Write out every entry exactly as it appears.

BEGIN Dataset

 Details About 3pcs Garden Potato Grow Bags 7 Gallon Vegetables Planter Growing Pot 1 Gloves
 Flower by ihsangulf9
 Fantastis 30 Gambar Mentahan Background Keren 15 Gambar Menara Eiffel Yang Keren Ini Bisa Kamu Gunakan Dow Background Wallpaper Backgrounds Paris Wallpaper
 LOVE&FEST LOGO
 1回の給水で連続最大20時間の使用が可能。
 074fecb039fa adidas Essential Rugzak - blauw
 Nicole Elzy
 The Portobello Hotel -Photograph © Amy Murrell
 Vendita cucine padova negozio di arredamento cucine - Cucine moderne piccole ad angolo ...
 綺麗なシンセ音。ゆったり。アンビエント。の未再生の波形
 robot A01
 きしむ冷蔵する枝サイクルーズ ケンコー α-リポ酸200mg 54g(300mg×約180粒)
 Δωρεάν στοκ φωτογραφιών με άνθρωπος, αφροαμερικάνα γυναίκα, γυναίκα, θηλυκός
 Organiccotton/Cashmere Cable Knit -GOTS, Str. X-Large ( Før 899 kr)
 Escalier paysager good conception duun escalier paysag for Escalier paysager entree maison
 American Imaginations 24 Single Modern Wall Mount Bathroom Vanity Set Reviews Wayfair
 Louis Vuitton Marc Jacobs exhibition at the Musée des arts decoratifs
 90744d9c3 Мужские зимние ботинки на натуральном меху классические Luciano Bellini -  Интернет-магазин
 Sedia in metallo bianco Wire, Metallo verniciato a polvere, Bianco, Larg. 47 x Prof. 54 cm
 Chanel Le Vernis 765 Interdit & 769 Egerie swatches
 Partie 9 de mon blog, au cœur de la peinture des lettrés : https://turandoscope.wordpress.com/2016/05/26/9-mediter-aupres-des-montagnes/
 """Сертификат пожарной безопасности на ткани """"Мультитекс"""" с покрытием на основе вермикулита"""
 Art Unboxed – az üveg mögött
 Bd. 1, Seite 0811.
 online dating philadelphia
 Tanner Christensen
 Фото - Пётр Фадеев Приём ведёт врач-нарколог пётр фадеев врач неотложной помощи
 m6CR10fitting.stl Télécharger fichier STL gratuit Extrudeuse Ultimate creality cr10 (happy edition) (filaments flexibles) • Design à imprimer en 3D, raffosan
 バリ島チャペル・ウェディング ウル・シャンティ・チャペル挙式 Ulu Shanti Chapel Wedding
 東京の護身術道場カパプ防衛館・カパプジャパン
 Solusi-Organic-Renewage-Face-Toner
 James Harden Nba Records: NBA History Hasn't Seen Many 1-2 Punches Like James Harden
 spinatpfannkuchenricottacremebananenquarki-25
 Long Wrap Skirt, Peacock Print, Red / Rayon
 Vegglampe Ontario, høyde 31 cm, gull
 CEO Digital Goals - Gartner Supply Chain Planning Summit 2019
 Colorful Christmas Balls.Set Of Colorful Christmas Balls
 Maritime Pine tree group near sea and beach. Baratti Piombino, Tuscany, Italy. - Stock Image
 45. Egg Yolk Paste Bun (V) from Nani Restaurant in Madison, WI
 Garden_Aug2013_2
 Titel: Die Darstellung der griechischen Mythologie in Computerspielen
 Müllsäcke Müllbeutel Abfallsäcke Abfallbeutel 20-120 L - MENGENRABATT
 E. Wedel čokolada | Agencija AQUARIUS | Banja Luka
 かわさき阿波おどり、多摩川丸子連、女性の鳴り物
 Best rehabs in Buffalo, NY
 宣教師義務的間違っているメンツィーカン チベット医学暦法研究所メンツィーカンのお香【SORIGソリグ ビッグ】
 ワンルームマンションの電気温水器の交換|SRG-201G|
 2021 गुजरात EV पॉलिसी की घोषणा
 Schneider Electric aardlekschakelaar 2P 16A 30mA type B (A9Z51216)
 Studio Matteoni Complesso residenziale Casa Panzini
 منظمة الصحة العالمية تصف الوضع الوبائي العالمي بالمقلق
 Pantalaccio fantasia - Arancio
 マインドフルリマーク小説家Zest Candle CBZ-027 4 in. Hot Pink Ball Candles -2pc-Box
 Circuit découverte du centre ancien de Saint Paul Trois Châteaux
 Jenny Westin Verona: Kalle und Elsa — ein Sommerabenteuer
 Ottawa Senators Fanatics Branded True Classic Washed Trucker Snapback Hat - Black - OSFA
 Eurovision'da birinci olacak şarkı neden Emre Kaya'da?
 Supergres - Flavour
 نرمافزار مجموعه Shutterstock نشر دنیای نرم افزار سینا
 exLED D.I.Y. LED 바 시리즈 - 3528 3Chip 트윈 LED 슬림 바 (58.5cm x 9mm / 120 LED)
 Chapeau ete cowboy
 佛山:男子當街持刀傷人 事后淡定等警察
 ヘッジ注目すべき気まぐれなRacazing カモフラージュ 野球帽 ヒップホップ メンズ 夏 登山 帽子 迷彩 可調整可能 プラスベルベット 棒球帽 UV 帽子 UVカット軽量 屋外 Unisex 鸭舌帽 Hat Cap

END Dataset

**Solution for this problem**
 Details About 3pcs Garden Potato Grow Bags 7 Gallon Vegetables Planter Growing Pot 1 Gloves
 Flower by ihsangulf9
 Fantastis 30 Gambar Mentahan Background Keren 15 Gambar Menara Eiffel Yang Keren Ini Bisa Kamu Gunakan Dow Background Wallpaper Backgrounds Paris Wallpaper
 LOVE&FEST LOGO
 1回の給水で連続最大20時間の使用が可能。
 074fecb039fa adidas Essential Rugzak - blauw
 Nicole Elzy
 The Portobello Hotel -Photograph © Amy Murrell
 Vendita cucine padova negozio di arredamento cucine - Cucine moderne piccole ad angolo ...
 綺麗なシンセ音。ゆったり。アンビエント。の未再生の波形
 robot A01
 きしむ冷蔵する枝サイクルーズ ケンコー α-リポ酸200mg 54g(300mg×約180粒)
 Δωρεάν στοκ φωτογραφιών με άνθρωπος, αφροαμερικάνα γυναίκα, γυναίκα, θηλυκός
 Organiccotton/Cashmere Cable Knit -GOTS, Str. X-Large ( Før 899 kr)
 Escalier paysager good conception duun escalier paysag for Escalier paysager entree maison
 American Imaginations 24 Single Modern Wall Mount Bathroom Vanity Set Reviews Wayfair
 Louis Vuitton Marc Jacobs exhibition at the Musée des arts decoratifs
 90744d9c3 Мужские зимние ботинки на натуральном меху классические Luciano Bellini -  Интернет-магазин
 Sedia in metallo bianco Wire, Metallo verniciato a polvere, Bianco, Larg. 47 x Prof. 54 cm
 Chanel Le Vernis 765 Interdit & 769 Egerie swatches
 Partie 9 de mon blog, au cœur de la peinture des lettrés : https://turandoscope.wordpress.com/2016/05/26/9-mediter-aupres-des-montagnes/
 """Сертификат пожарной безопасности на ткани """"Мультитекс"""" с покрытием на основе вермикулита"""
 Art Unboxed – az üveg mögött
 Bd. 1, Seite 0811.
 online dating philadelphia
 Tanner Christensen
 Фото - Пётр Фадеев Приём ведёт врач-нарколог пётр фадеев врач неотложной помощи
 m6CR10fitting.stl Télécharger fichier STL gratuit Extrudeuse Ultimate creality cr10 (happy edition) (filaments flexibles) • Design à imprimer en 3D, raffosan
 バリ島チャペル・ウェディング ウル・シャンティ・チャペル挙式 Ulu Shanti Chapel Wedding
 東京の護身術道場カパプ防衛館・カパプジャパン
 Solusi-Organic-Renewage-Face-Toner
 James Harden Nba Records: NBA History Hasn't Seen Many 1-2 Punches Like James Harden
 spinatpfannkuchenricottacremebananenquarki-25
 Long Wrap Skirt, Peacock Print, Red / Rayon
 Vegglampe Ontario, høyde 31 cm, gull
 CEO Digital Goals - Gartner Supply Chain Planning Summit 2019
 Colorful Christmas Balls.Set Of Colorful Christmas Balls
 Maritime Pine tree group near sea and beach. Baratti Piombino, Tuscany, Italy. - Stock Image
 45. Egg Yolk Paste Bun (V) from Nani Restaurant in Madison, WI
 Garden_Aug2013_2
 Titel: Die Darstellung der griechischen Mythologie in Computerspielen
 Müllsäcke Müllbeutel Abfallsäcke Abfallbeutel 20-120 L - MENGENRABATT
 E. Wedel čokolada | Agencija AQUARIUS | Banja Luka
 かわさき阿波おどり、多摩川丸子連、女性の鳴り物
 Best rehabs in Buffalo, NY
 宣教師義務的間違っているメンツィーカン チベット医学暦法研究所メンツィーカンのお香【SORIGソリグ ビッグ】
 ワンルームマンションの電気温水器の交換|SRG-201G|
 2021 गुजरात EV पॉलिसी की घोषणा
 Schneider Electric aardlekschakelaar 2P 16A 30mA type B (A9Z51216)
 Studio Matteoni Complesso residenziale Casa Panzini
 منظمة الصحة العالمية تصف الوضع الوبائي العالمي بالمقلق
 Pantalaccio fantasia - Arancio
 マインドフルリマーク小説家Zest Candle CBZ-027 4 in. Hot Pink Ball Candles -2pc-Box
 Circuit découverte du centre ancien de Saint Paul Trois Châteaux
 Jenny Westin Verona: Kalle und Elsa — ein Sommerabenteuer
 Ottawa Senators Fanatics Branded True Classic Washed Trucker Snapback Hat - Black - OSFA
 Eurovision'da birinci olacak şarkı neden Emre Kaya'da?
 Supergres - Flavour
 نرمافزار مجموعه Shutterstock نشر دنیای نرم افزار سینا
 exLED D.I.Y. LED 바 시리즈 - 3528 3Chip 트윈 LED 슬림 바 (58.5cm x 9mm / 120 LED)
 Chapeau ete cowboy
 佛山:男子當街持刀傷人 事后淡定等警察
 ヘッジ注目すべき気まぐれなRacazing カモフラージュ 野球帽 ヒップホップ メンズ 夏 登山 帽子 迷彩 可調整可能 プラスベルベット 棒球帽 UV 帽子 UVカット軽量 屋外 Unisex 鸭舌帽 Hat Cap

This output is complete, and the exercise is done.